- INPUT DATA:
# # # #

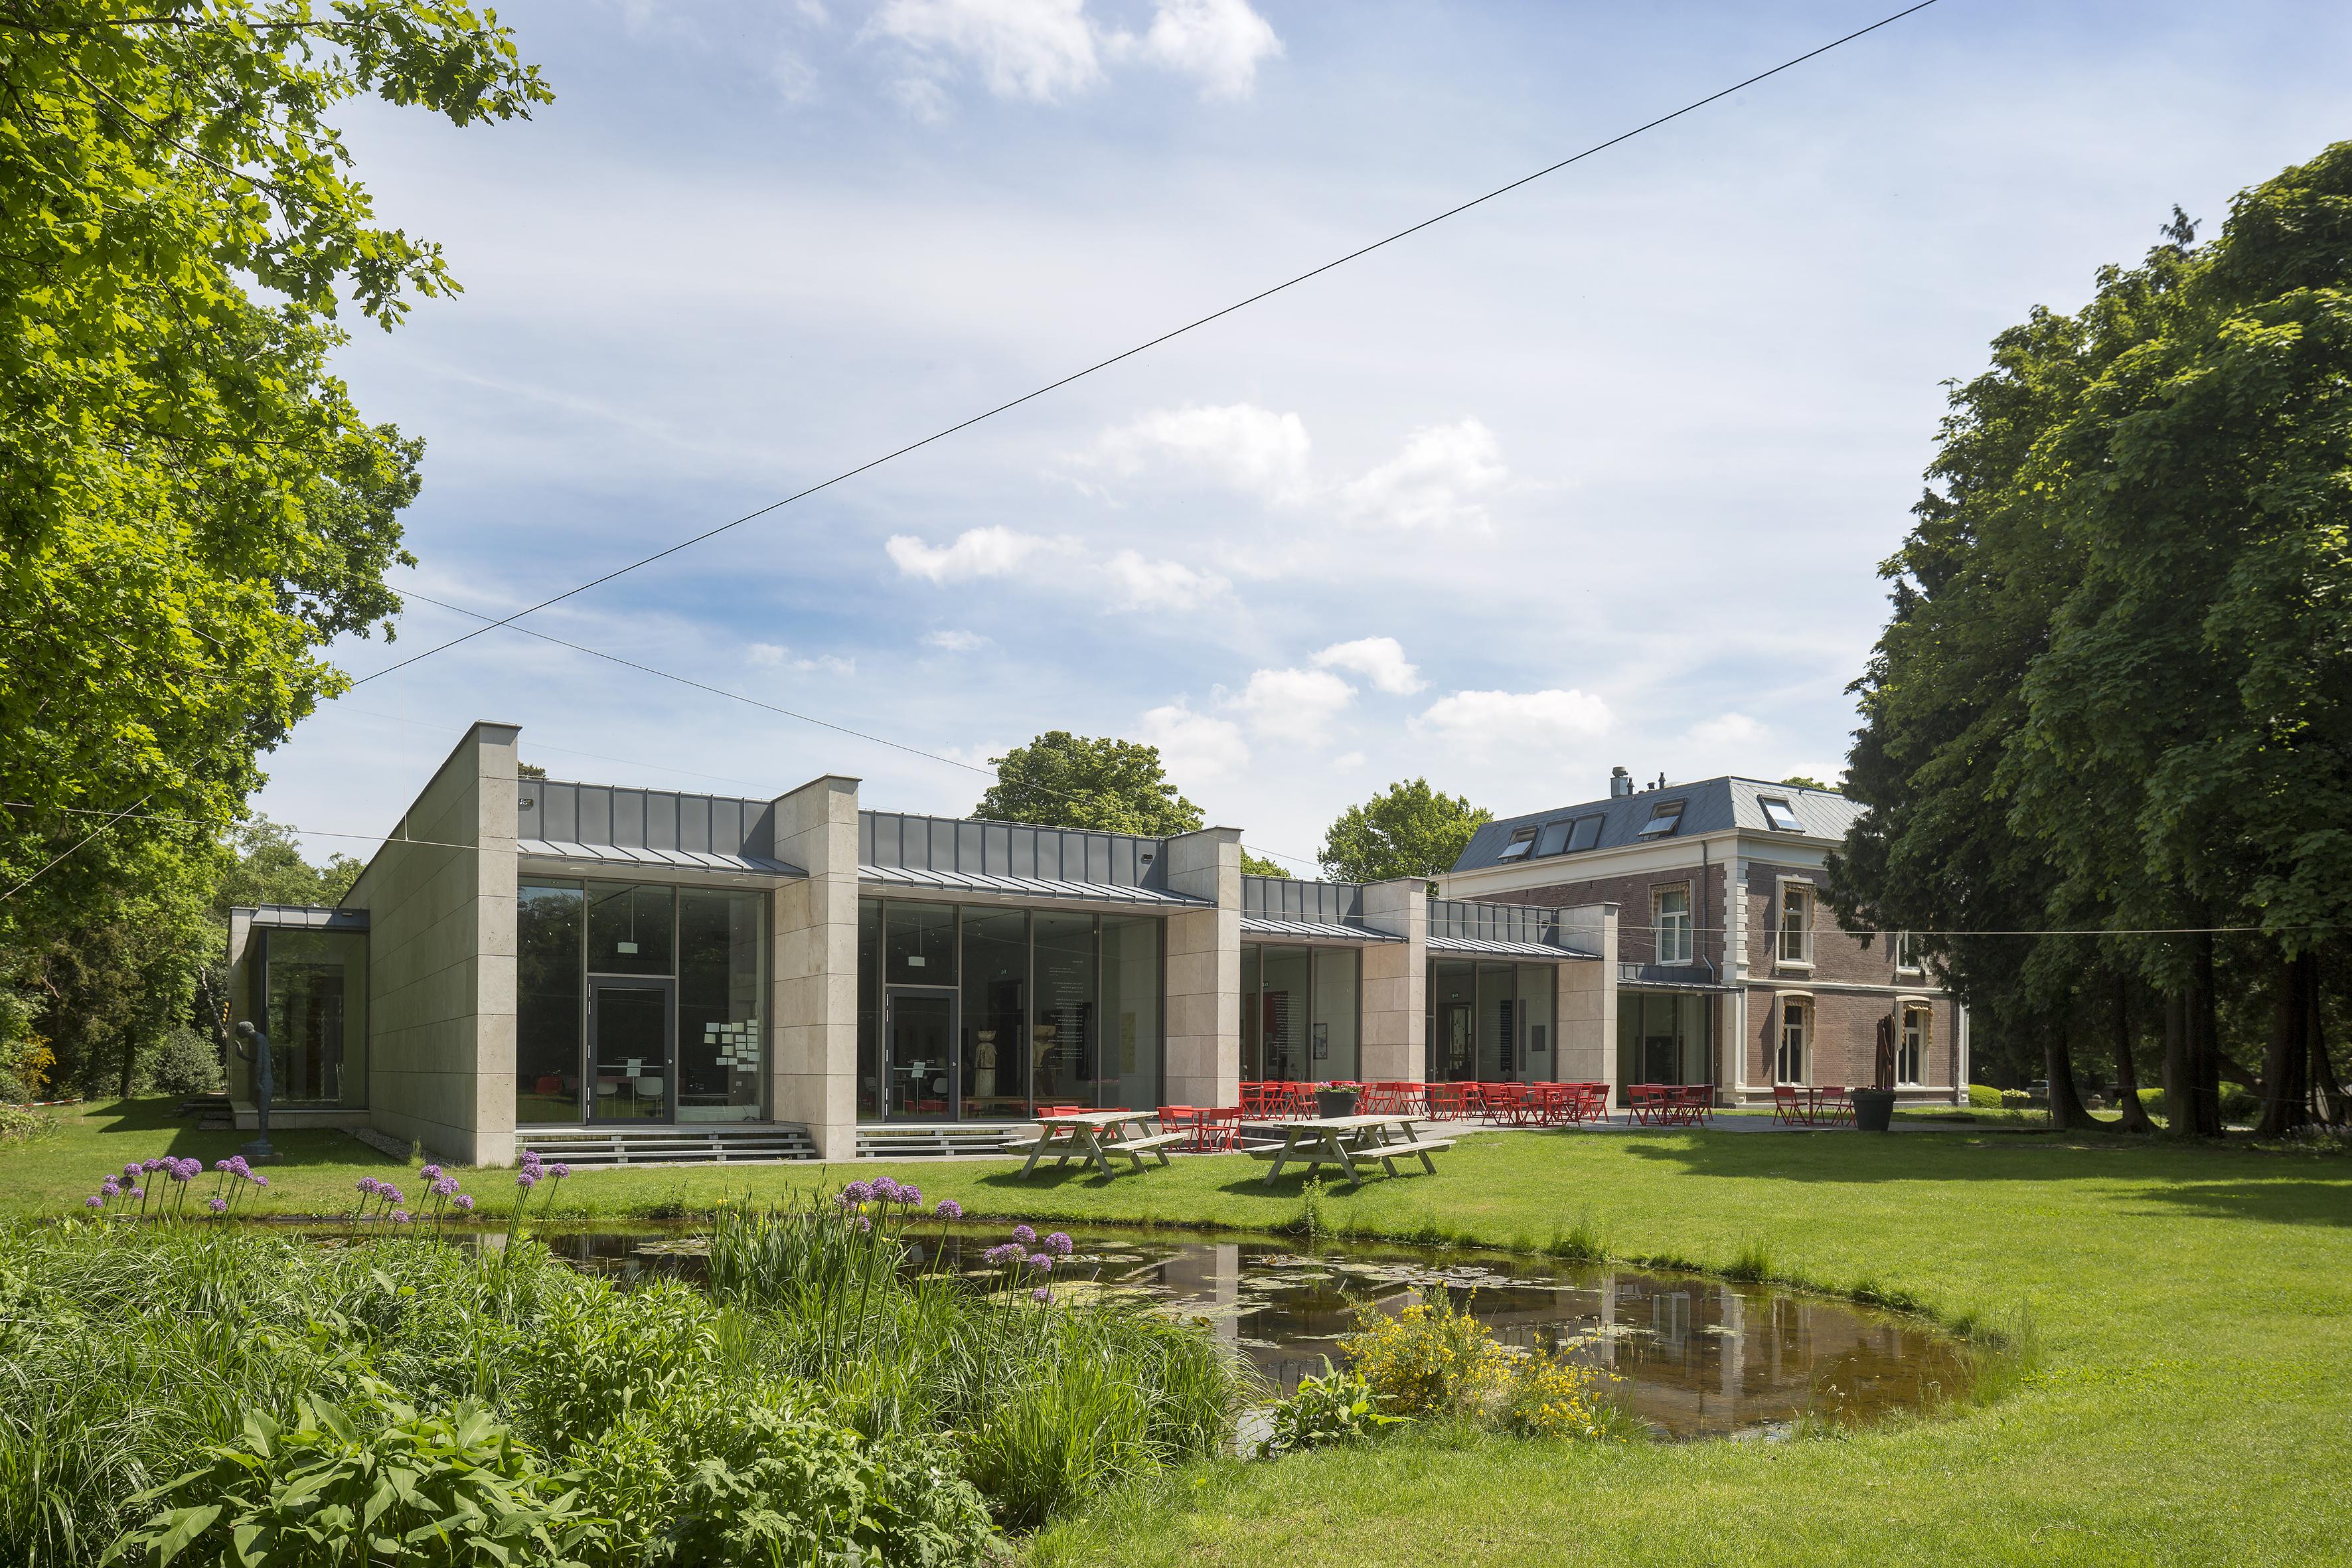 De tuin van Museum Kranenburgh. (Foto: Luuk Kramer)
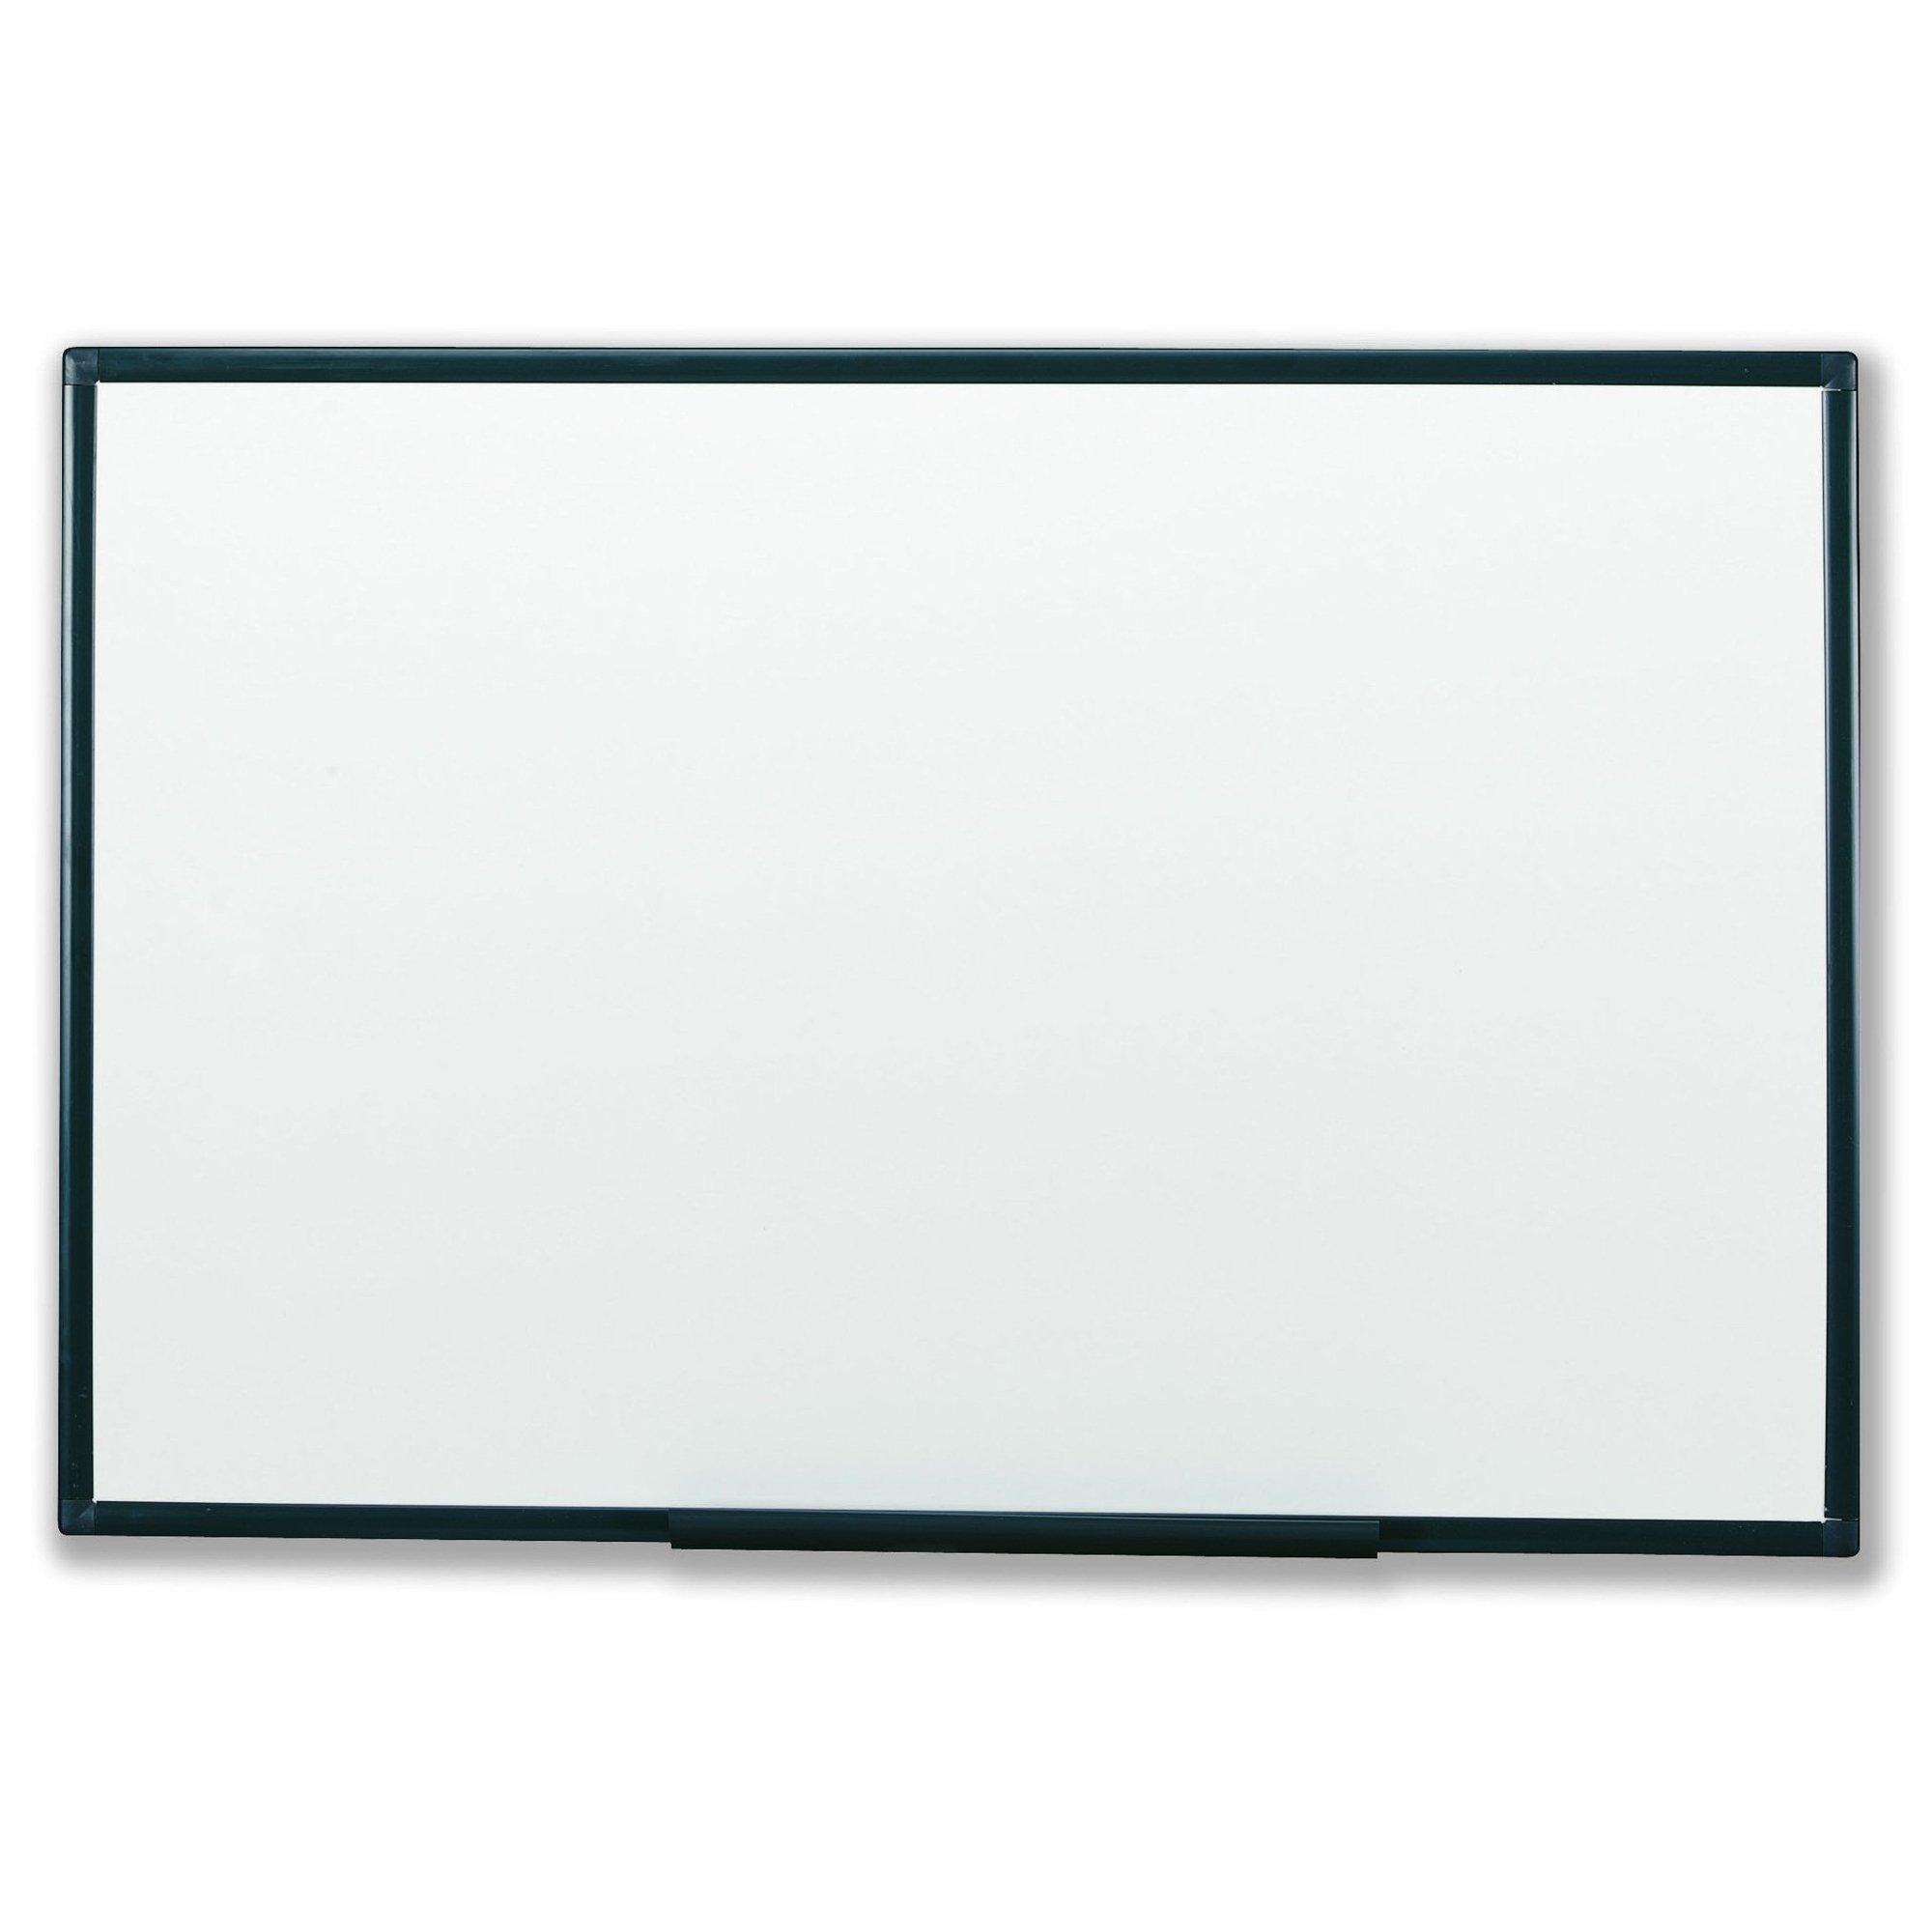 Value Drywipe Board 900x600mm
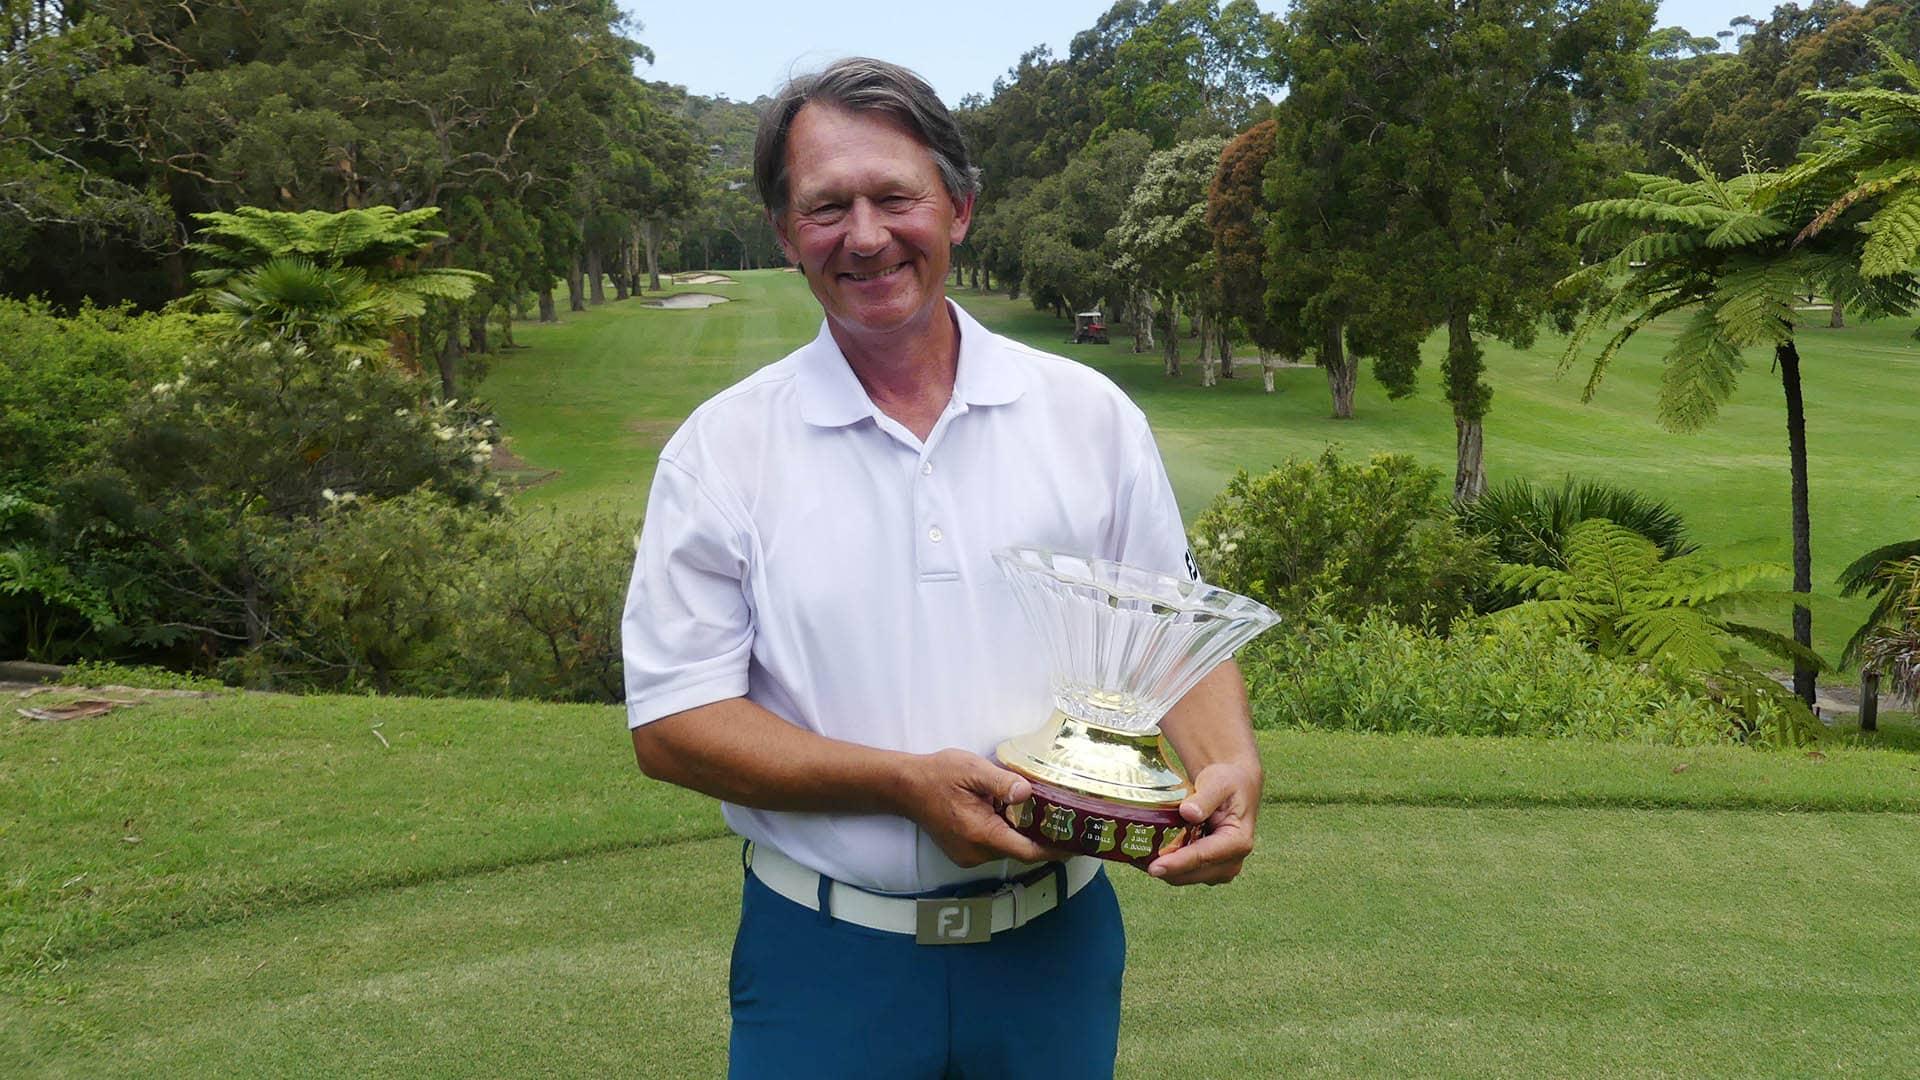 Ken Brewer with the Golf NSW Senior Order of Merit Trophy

# # # #

- YOUR OBJECTIVE: Beginning with the line that holds "Value Drywipe Board 900x600mm", output each line to the end of the material above, exactly, omitting the pictures.

- EXERCISE RESPONSE:
 Value Drywipe Board 900x600mm
 Ken Brewer with the Golf NSW Senior Order of Merit Trophy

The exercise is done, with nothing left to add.